30. The method of claim 28, further comprising, after burning-in and testing, severing the at least some of the plurality of semiconductor dies with corresponding portions of the wafer-size discrete preformed blank so as to have selected surface dimensions not in excess of surface dimensions of the active surface of the severed semiconductor dies.
31. The method of claim 30, further including singulating the semiconductor dies with attached die-size discrete preformed blanks from the bonded wafer and wafer-size discrete preformed blank.
32. A method of claim 30, wherein forming the second plurality of bond pads comprises forming at least one of the second plurality of bond pads on a face of the wafer-size discrete preformed blank.
33. The method of claim 30, wherein forming the second plurality of bond pads comprises forming the second plurality of bond pads on a back side of the wafer-size discrete preformed blank.
34. The method of claim 33, wherein forming apertures in the wafer-size discrete preformed blank comprises micromaching the apertures in a front face of the wafer-size discrete preformed blank.
35. The method of claim 33, wherein forming the second plurality of bond pads and forming the circuit traces on the back side of the wafer-size discrete preformed blank comprises applying a conductor-carrying dielectric film to at least a portion of the back side of the wafer-sized discrete preformed blank.
36. The method of claim 30, wherein forming the second plurality of bond pads at a second plurality of positions comprises locating the second plurality of positions generally along a selected common edge of each of the at least some semiconductor dice and corresponding portions of the wafer-size discrete preformed blank.
37. The method of claim 36, further comprising forming a plurality of mutually parallel trenches extending generally perpendicularly from the selected common edge of each of the at least some semiconductor dice and corresponding portions of the wafer-size discrete preformed blank and being communicative with the apertures of the wafer-size discrete preformed blank.
38. The method of claim 30, further comprising forming the wafer of a semiconductor material comprising silicon and forming the provided wafer-size discrete preformed blank of the same semiconductor material comprising silicon as the wafer.

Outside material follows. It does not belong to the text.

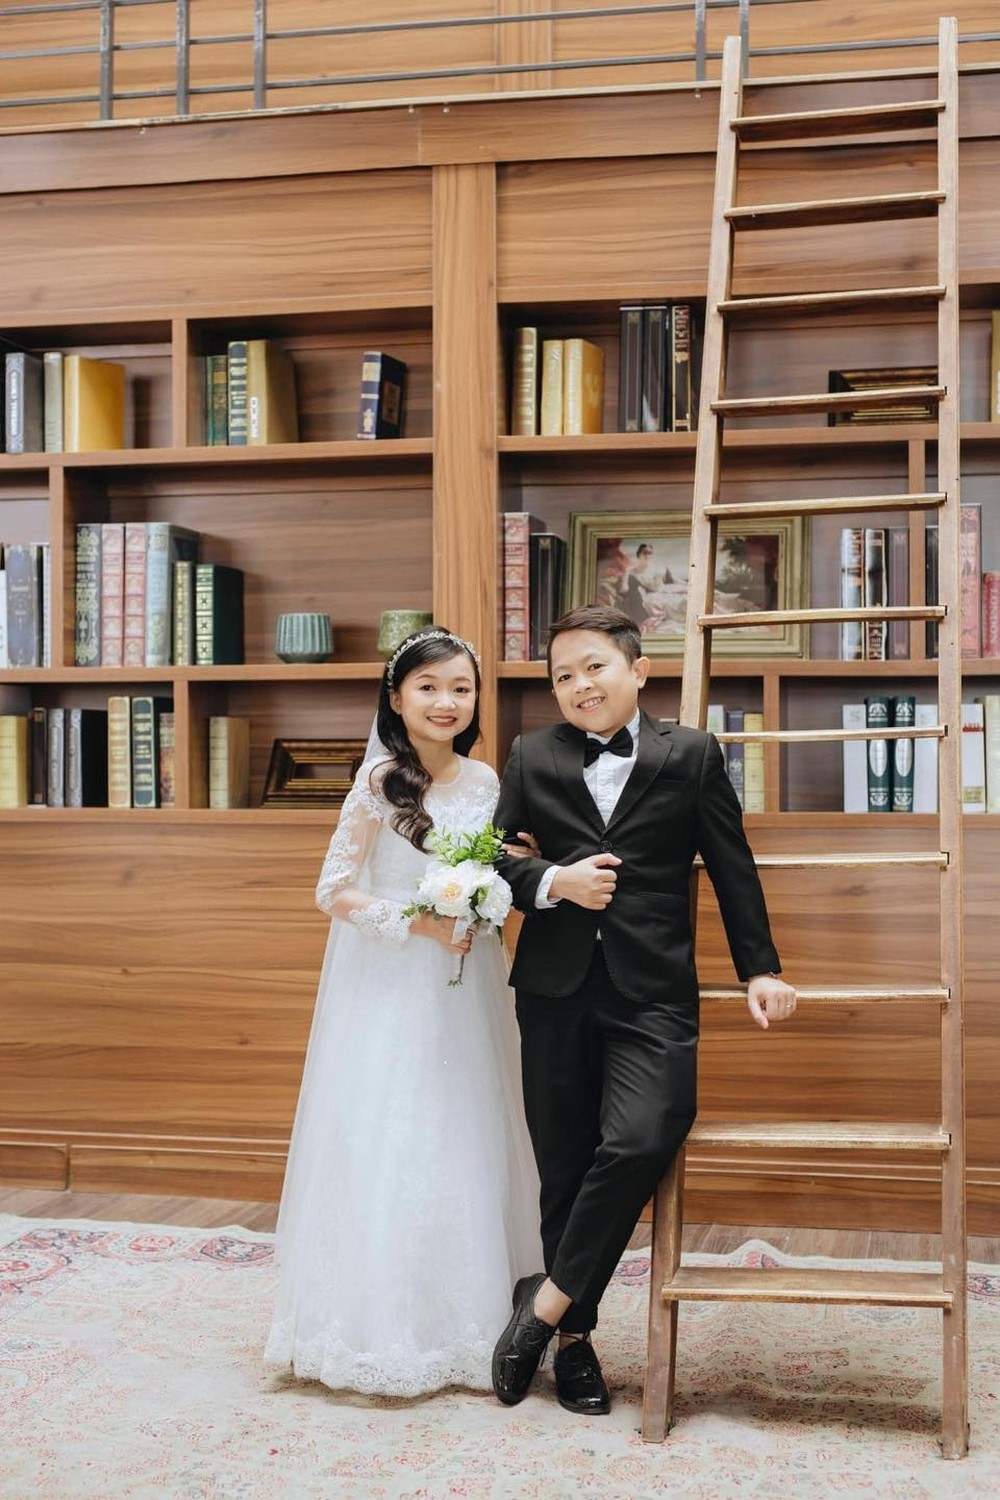 Đôi vợ chồng tí hon vừa làm đám cưới tại Nghệ An: Nhiều lúc đi đường hay bị nhầm là chị em - Ảnh 11.

39. The method of claim 28, further comprising forming the wafer of a semiconductor material comprising silicon and forming the provided wafer-size discrete preformed blank of the same semiconductor material comprising silicon as the wafer.
40. The method of claim 23, further including bonding the wafer-size discrete preformed blank to the plurality of semiconductor dice to form a substantially hermetic seal.
41. The method of claim 23, further comprising disposing a conductive material in at least one of the of apertures of the wafer-size discrete preformed blank.
42. The method of claim 23, further comprising, after burning-in and testing, severing the at least some of the plurality of semiconductor dies with corresponding portions of the wafer-size discrete preformed blank so as to have selected surface dimensions not in excess of surface dimensions of the active surface of the severed semiconductor dies.
43. The method of claim 42, further including singulating the semiconductor dies with attached die-size discrete blanks from the assembled wafer and wafer-size discrete preformed blank.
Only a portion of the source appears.